Weekly News Roundup (December 4, 2016)

December 4th, 2016

Welcome to another edition of the Weekly News Roundup. A new week has definitely passed, but unfortunately, due to Thanksgiving probably and me being busy with other stuff, there’s not much to talk about (or more precisely, there’s no news to talk about at all).

So instead, I’ll use this blank canvas to ramble incoherently about DVD, Blu-ray and 4K sales, as a preview to my yearly Blu-ray: The State of Play series.

Regular readers will know that I’ve been keeping track of weekly U.S. Blu-ray and DVD sales numbers for quite a few years now, and every year, I write the “State of Play” to summarise how the year went in terms of sales, and looks at trends. Even though we are without probably the best weeks of the year in terms of sales, I thought I would offer a preview of what the year has been like so far for Blu-ray sales.

Ultra HD Blu-ray Logo

Is Ultra HD Blu-ray helping total disc sales?

It’s an important year because a new Blu-ray format, Ultra HD Blu-ray, was introduced, and the popularization of streaming continued unabated. So it’s important to take a look to see if discs are still a thing that people want. More importantly, has 4K had a positive effect on the format (considering that 4K UHD Blu-ray sales are counted as Blu-ray sales in the stats I provide weekly).

Looking at the stats, the short answer is yes, 4K has helped Blu-ray record a turn-around!
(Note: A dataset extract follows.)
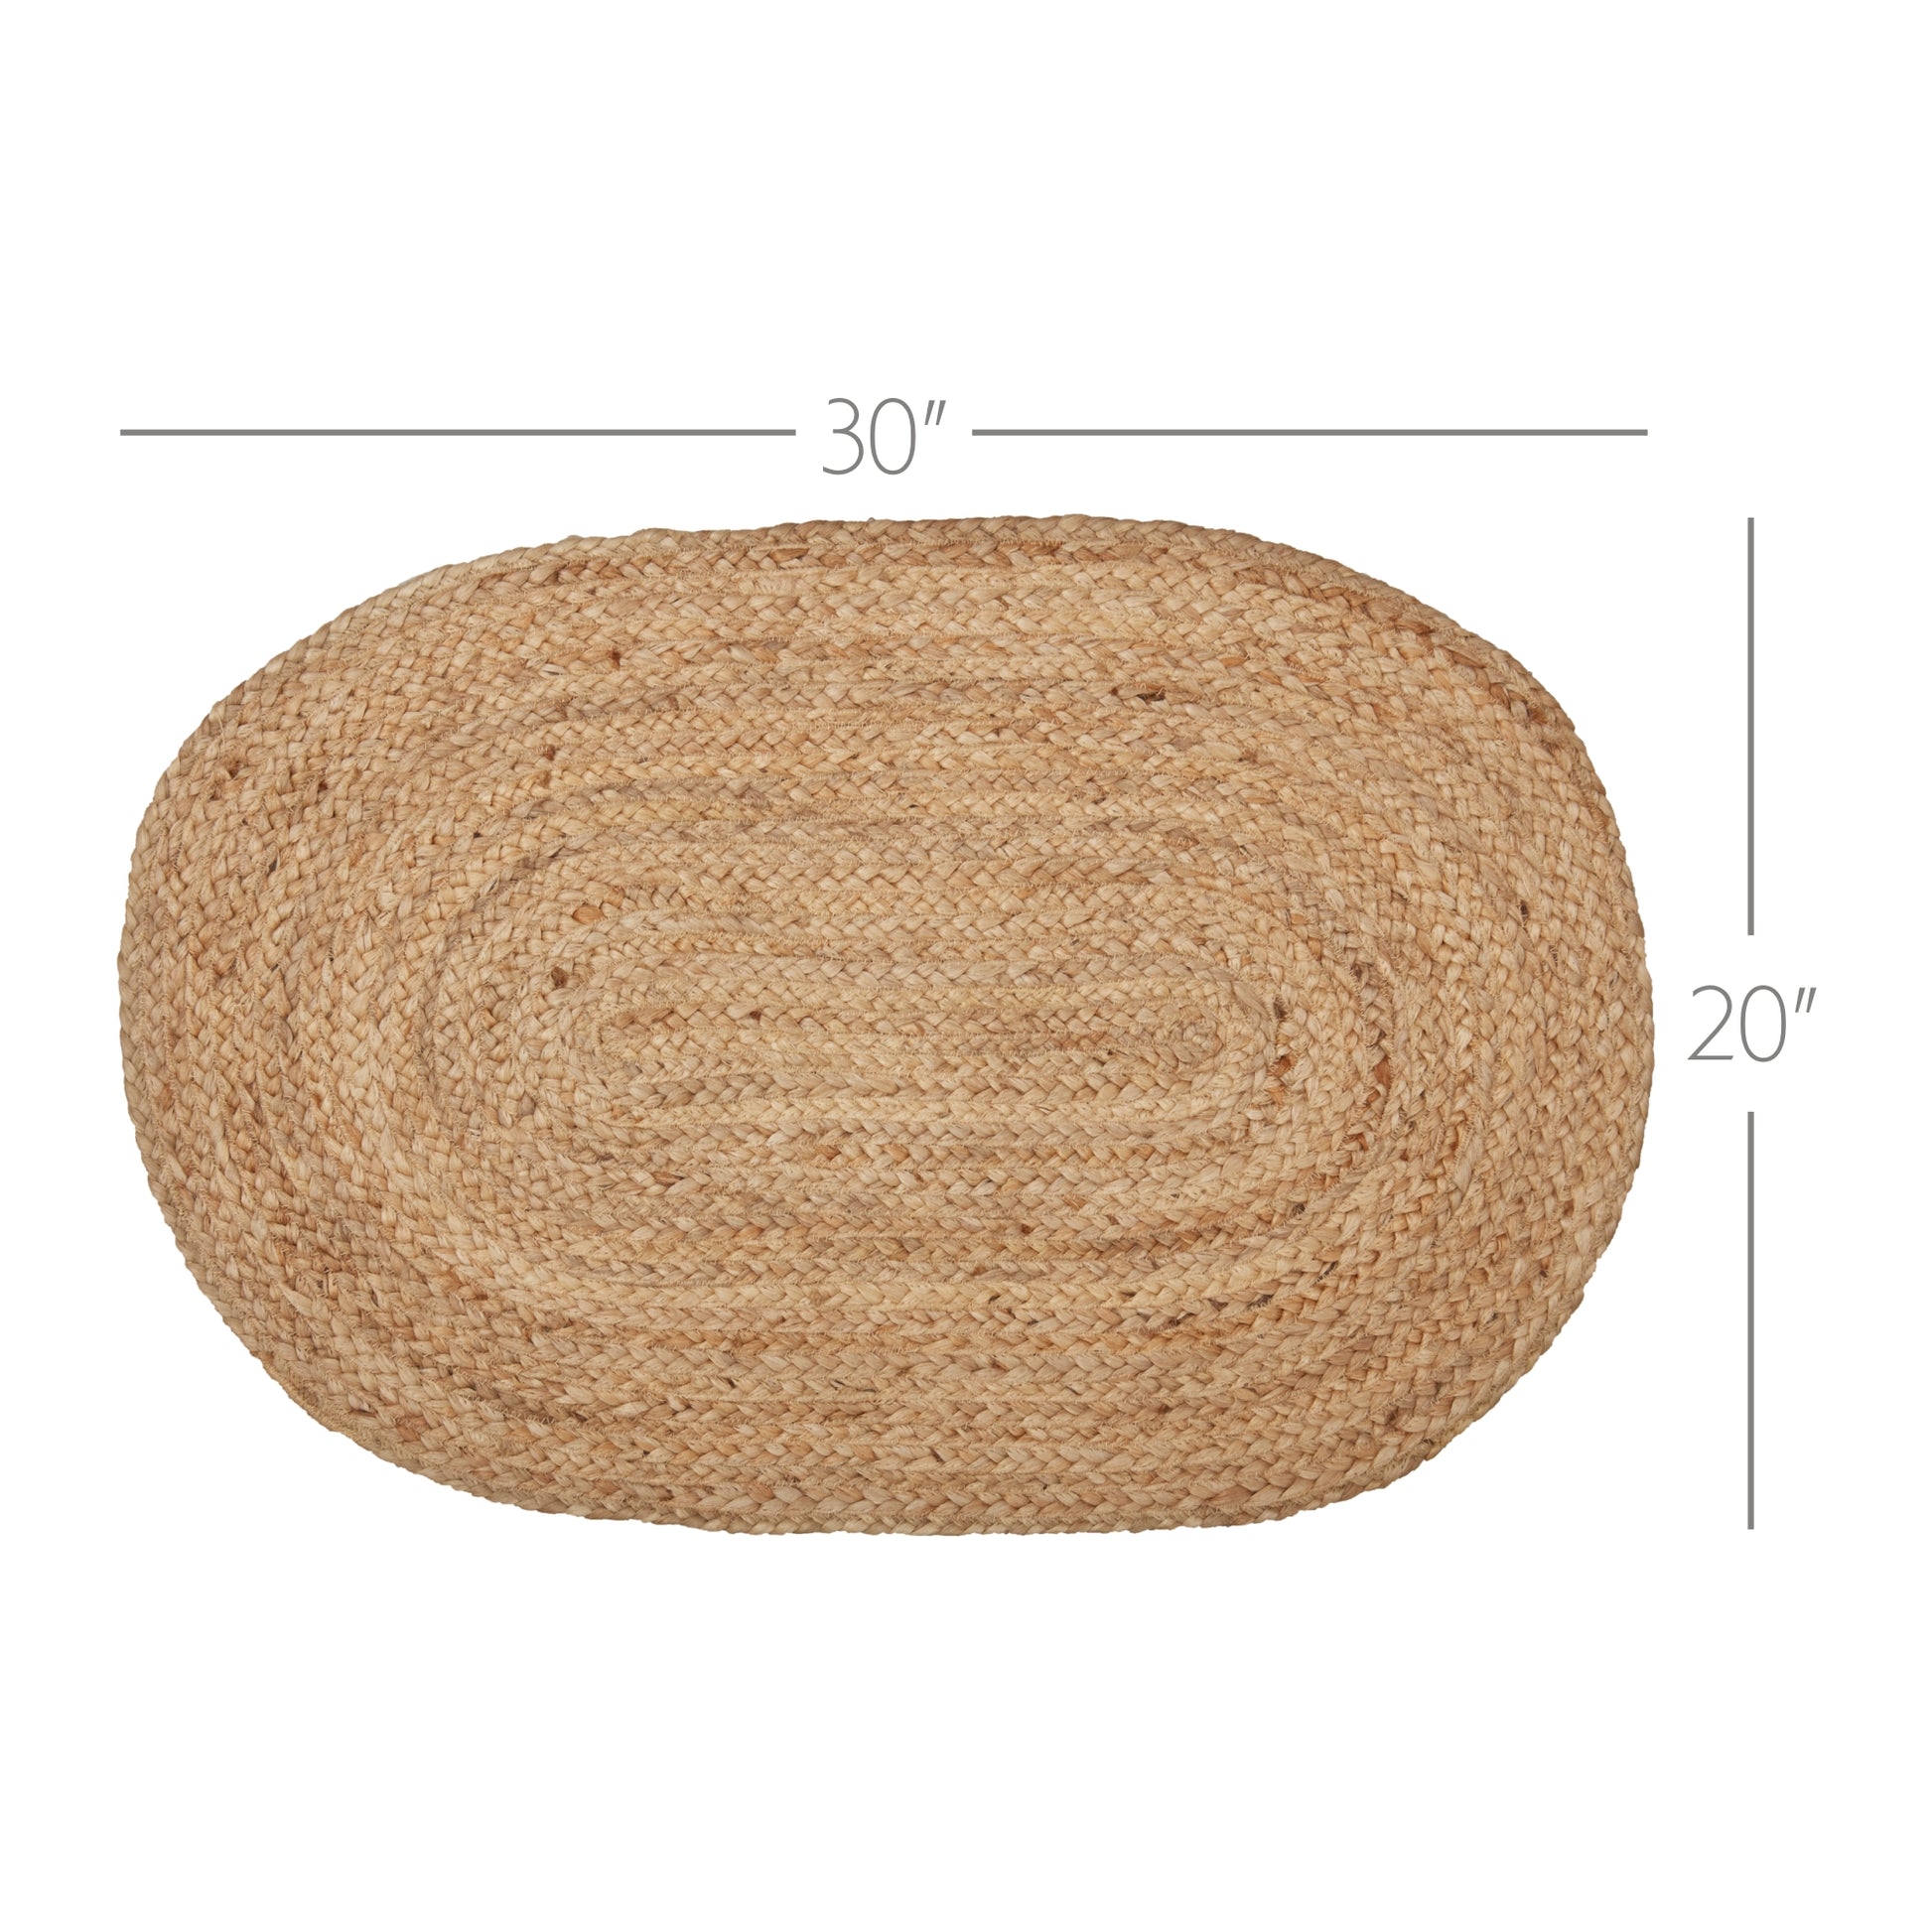 69384-Natural-Jute-Rug-Oval-w-Pad-20x30-image-1

2015 was not a good year for discs, and not a good year for Blu-ray. Blu-ray revenue had declined for the second year running, and it certainly appears that “peak Blu-ray” or even “peak disc”, where the peak for Blu-ray/disc sales, had already been reached some time in 2013.

But 2016 is turning out to be quite different, at least for the first 47 weeks so far of the year, and the turning point came in March, when the first Ultra HD Blu-ray discs were released.

Let me go into some more detail for you. Of the 52 weeks in 2015, thirty weeks (that’s close to 58% of the weeks) had a Blu-ray revenue result that was lower than the same week in 2014, compared to 22 weeks (42%) that had recorded a rise in Blu-ray revenue.

Deadpool on Ultra HD Blu-ray

Studios aren’t shy to bring their biggest hits to UHD Blu-ray

For 2016 so far, it has reversed, where 21 weeks (45%) were worse compared to 26 weeks (55%) that were better. Looking at the same time period (the first 47 weeks) in 2015, Blu-ray revenue was 7.6% lower than the same period in 2014, but comparing 2016 to 2015, Blu-ray revenue is now up 2.3%. That’s what I call a turnaround!

Now looking at the first 11 weeks of 2016 that did not include any Ultra HD Blu-ray sales, 6 of these weeks were worse than the same weeks in 2016, only 5 were better. Revenue for this period had fallen 6.1% compared to a year ago.

So in other words, before Ultra HD Blu-ray, revenue was falling at about the same rate as in 2015, but since then, revenue has actually risen. Ultra HD Blu-ray has had a very positive effect on Blu-ray sales.

None of this should be a surprise for those that have been following the WNR. I’ve mentioned many times that studios have been very proactive in releasing titles on UHD Blu-ray, and that the UHD version is selling quite well given how new the format it (it frequently beats the 3D version of the same film). And studios are only keen to push UHD because there are lots of households already with 4K, thanks to a lower than expect price premium to upgrade to the format (relatively speaking, of course).

Now with that said, the final few weeks of 2016 could still change things around, depending on how receptive people are to Ultra HD Blu-ray during this crucial sales period. But given that the Xbox One S is expected to sell very well in the U.S. during the holidays, and the Xbox One S includes an Ultra HD Blu-ray player, it’s quite possible the sales growth will actually intensify during the next few weeks.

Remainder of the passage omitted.